Date: Thursday, June 12, 2025
Time: 2:00 – 3:00 PM
Room: 66-110
CSB Ph.D. Candidate: Allison Keys
Supervisor: Heather Kulik (ChemE) & Laura Kiessling (Chemistry)
TDC Members:
Professors Amy Keating, Adam Willard, and Yu-Shan Lin (External)
Title: The Role of CH–π Interactions in Protein-Carbohydrate Binding
Abstract: Protein-carbohydrate binding is essential for biological processes, including cellular recognition and immune signaling. Binding is driven by several types of non-covalent interactions: hydrogen bonding, metal ion coordination, and the less well-understood CH–π interactions. CH–π interactions are pervasive in protein-carbohydrate binding sites and have emerged as critical drivers of protein–carbohydrate recognition; however, the energetics of CH–π stacking interactions, their orientational landscapes, and their interplay with other non-covalent interactions have been unclear.

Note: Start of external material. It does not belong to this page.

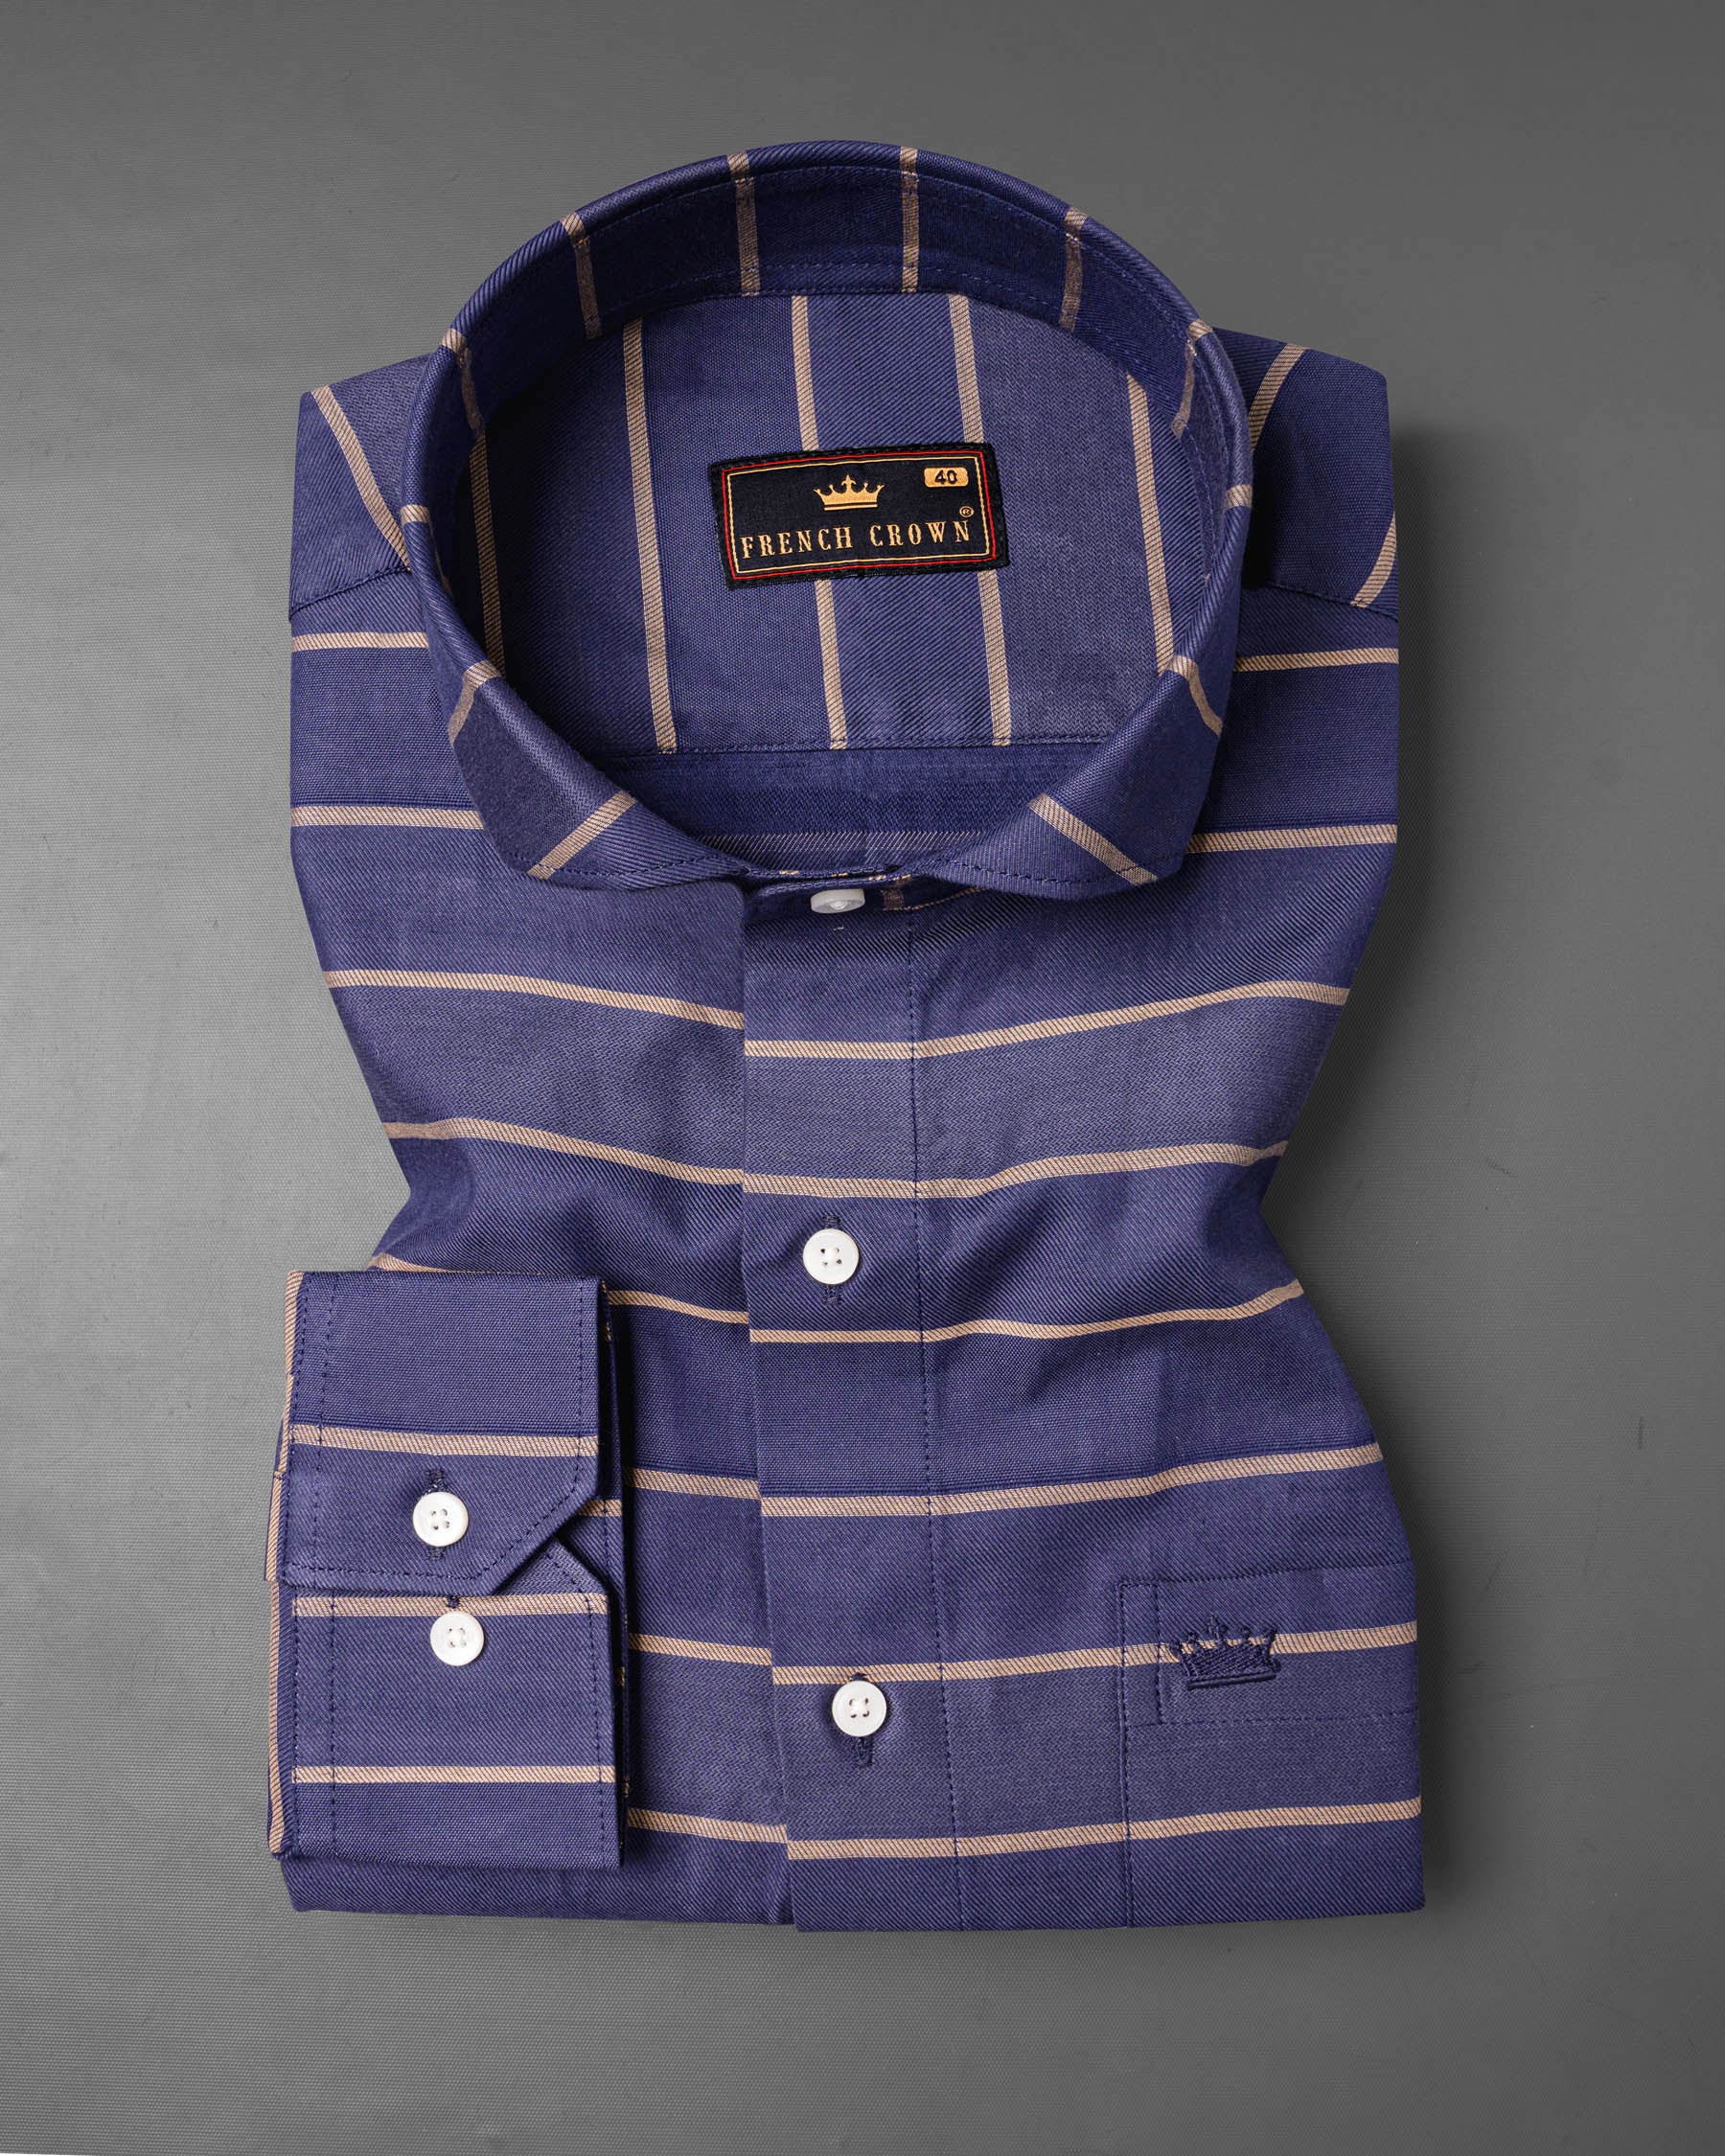 Gun Powder Blue and Pavlova Striped Twill Premium Cotton Shirt

In this thesis, I identified carbohydrate-aromatic CH–π stacking interactions from crystallographic structures in the Protein Data Bank. I performed quantum mechanical calculations to quantify interaction energies and found that CH–π stacking interactions can be more favorable than hydrogen bonds. Using atomistic simulations, I also demonstrated that CH–π stacking interactions are necessary for human galectin-3 binding to lactose. To assess the orientational landscape of CH–π stacking interactions, I evaluated the orientations of CH–π stacking interactions formed by β-D-galactose and found that numerous orientations are highly favorable. I then identified carbon atom distances that define an orientational landscape for these interactions. To assess the interplay between non-covalent interactions in protein-carbohydrate binding sites, I used CH–π distance features to bias metadynamics simulations of a curated set of protein–β-D-galactoside complexes. From these simulations, I found that while bound carbohydrates sample many CH–π stacking orientations, the hydrogen bonds in the protein binding site drive the optimal orientation of each ligand. Longer carbohydrate ligands with more hydrogen bonding constraints have more specific orientational dependence, while ligands in binding sites with a reduced number of hydrogen bonds occupy a broader range of orientations. Unlike hydrogen bonds, CH–π stacking interactions confer orientational flexibility: enzymes can exploit multiple CH–π stacking interactions to facilitate the translocation of polysaccharide substrates. Extending this analysis to other carbohydrates, I showed that carbohydrate stereochemistry drives the orientational preferences of CH–π stacking interactions; however, there is also a tradeoff between the presence of hydrogen bonds to charged amino acids and the CH–π interaction strength for each carbohydrate. Overall, this thesis demonstrates that CH–π interactions are favorable and confer high orientational flexibility and that hydrogen bonds act in concert with CH–π interactions to stabilize protein-carbohydrate binding. Tuning the number and positions of these interactions through protein engineering should alter protein selectivity and ligand movement in protein binding sites.